Забавно: он всегда был уверен в том, что будет выступать на стадионах. Прямо так и говорил. Меня эта уверенность поражала: на дворе эпоха СССР, сидим в подвале никому не нужные, все под запретом, был официально запрещен даже звук fuzz у гитары — а он про стадионы. Кстати, Шевчук поначалу рвался в Москву, но когда я уехал в Ленинград, всеми силами старался перетащить его с собой. Аргументом стали последние события в Уфе и то, что в Питере с концертами и музыкантами было получше. Я считал, что ему срочно нужно уехать, пока не посадили. Юра сопротивлялся, почти год мы переписывались, и я победил.
В Уфе тогда реально творилось нечто страшное. Всю нашу хипповскую тусовку — видимо, пришел приказ из Москвы — вдруг начали сажать. У меня дома был обыск, пришли два мента и один в штатском. В протоколе было двадцать шесть пунктов изъятия, в том числе и американский флаг, о котором пришлось соврать, что я сам его расписал. Обыск был одновременно у всей нашей братии, к коей Юра, слава богу, не принадлежал. У кого-то нашли траву, у кого-то мак или «идеологически чуждую литературу». На всех завели дела.

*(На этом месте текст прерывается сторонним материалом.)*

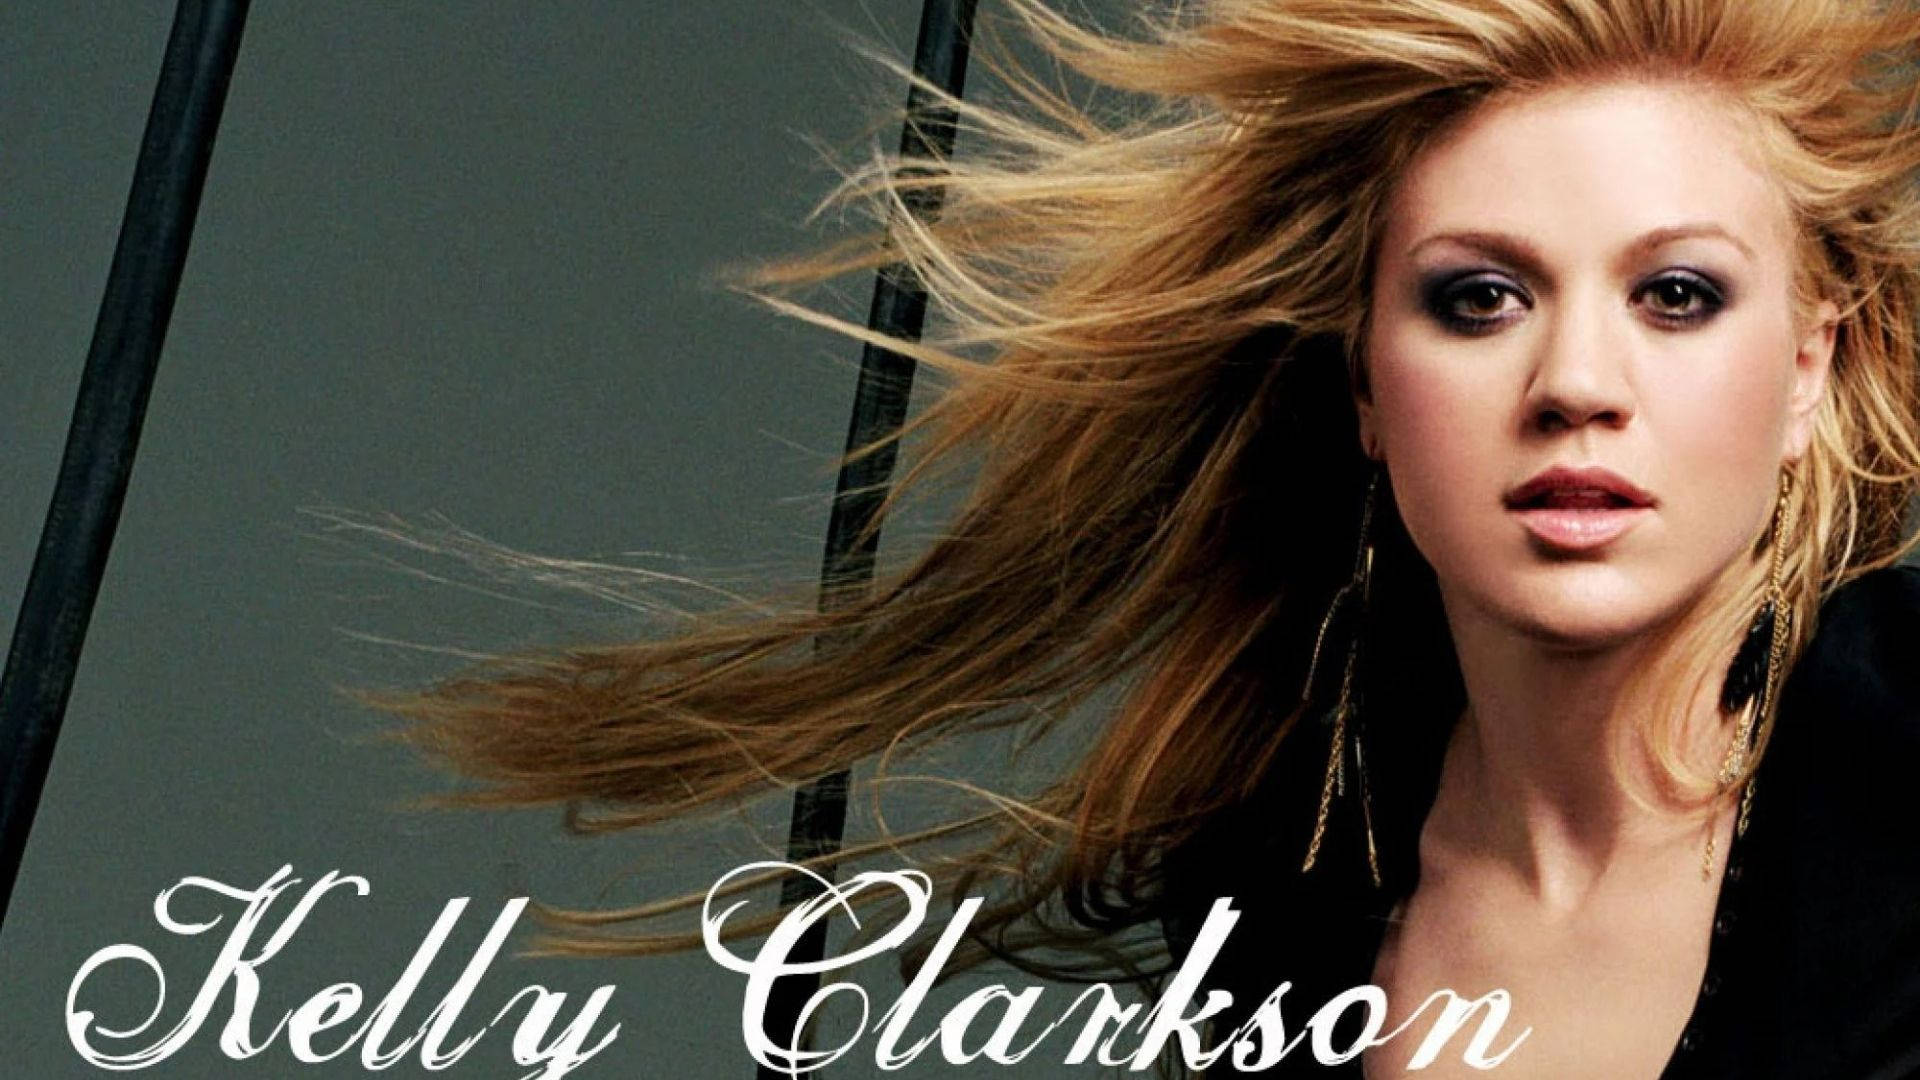 Kelly Clarkson Appealing Look Background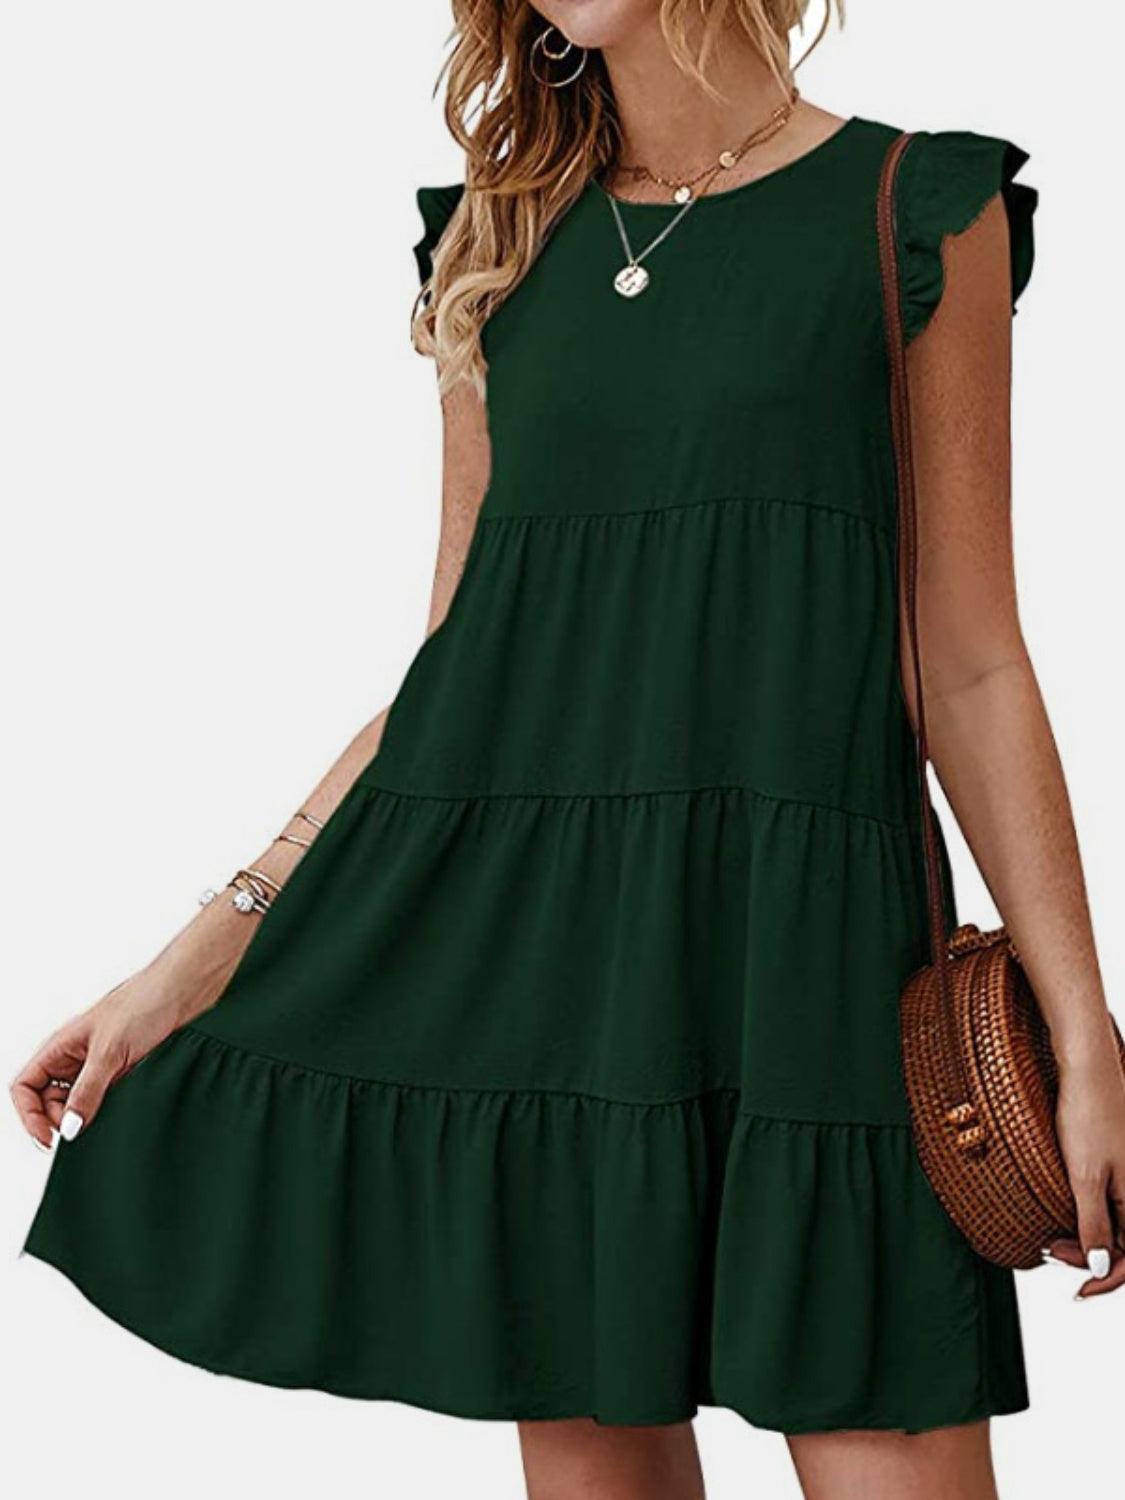 a woman wearing a green dress

Ребята сказали: «Тебе надо уехать хотя бы на год, а то тоже под суд пойдешь». Один наученный жизнью московский диссидент посоветовал: «Выпишись из квартиры, уволься с работы и в тот же день улетай. И ни одному человеку не говори об этом». Вечером перед отъездом я пригласил друзей посидеть, а по телевизору заместитель прокурора Башкирской АССР ведет передачу: кто такие хиппи. Нас обвиняли в фашизме, в сектантстве, во всех грехах и почему-то вместо западных хиппи показывали панков.
В общем, я улетел, а на родителей вскоре посыпались повестки. Маму и папу вызывали на допросы и на суд к Борису Развееву, потому что он часто бывал у нас дома. История этого уникального человека заслуживает отдельного рассказа. Будучи хиппи, он в итоге стал священником, но идеалы юности с Библией ухитрялся совмещать.
Борис — первый хиппи Уфы, он создал и развил нашу Систему. Знали его все — от неформалов до уголовных авторитетов — и очень уважали. Еще когда он был хиппи, ходил в церковь петь в хоре и уже был христианином. Но учитывая его репутацию, никто не хотел Бориса рукоположить. Потом в Уфу назначили нового владыку, тот быстро заметил Борю и поинтересовался: «Что за человек там поет?» Ему рассказали. Владыка его вызвал, поговорил и сразу рукоположил. Через много лет патриарх Алексий II на Пасху наградил Бориса наперсным крестом с украшениями.
Сидел Развеев два раза. Первый — за то, что летал по чужому студенческому билету на самолете в Москву: мол, обманул государство, билет стоил дешевле. На самом деле это был лишь повод. В 1984 году, после моего отъезда, его посадили снова. Обвиняли уже в антисоветской пропаганде и в сектантстве, отправили в уголовную зону, чтобы оттуда не вышел. Однако все башкирские авторитеты его знали, поэтому какое-то время он сидел спокойно. Когда в колонии уже стало невыносимо, Борис написал письмо Михаилу Горбачеву. Мы никогда не узнаем, возымело это письмо действие или так совпало, но вскоре поступил приказ: освободить Развеева по УДО. Боюсь, иначе до воли друг просто не дожил бы.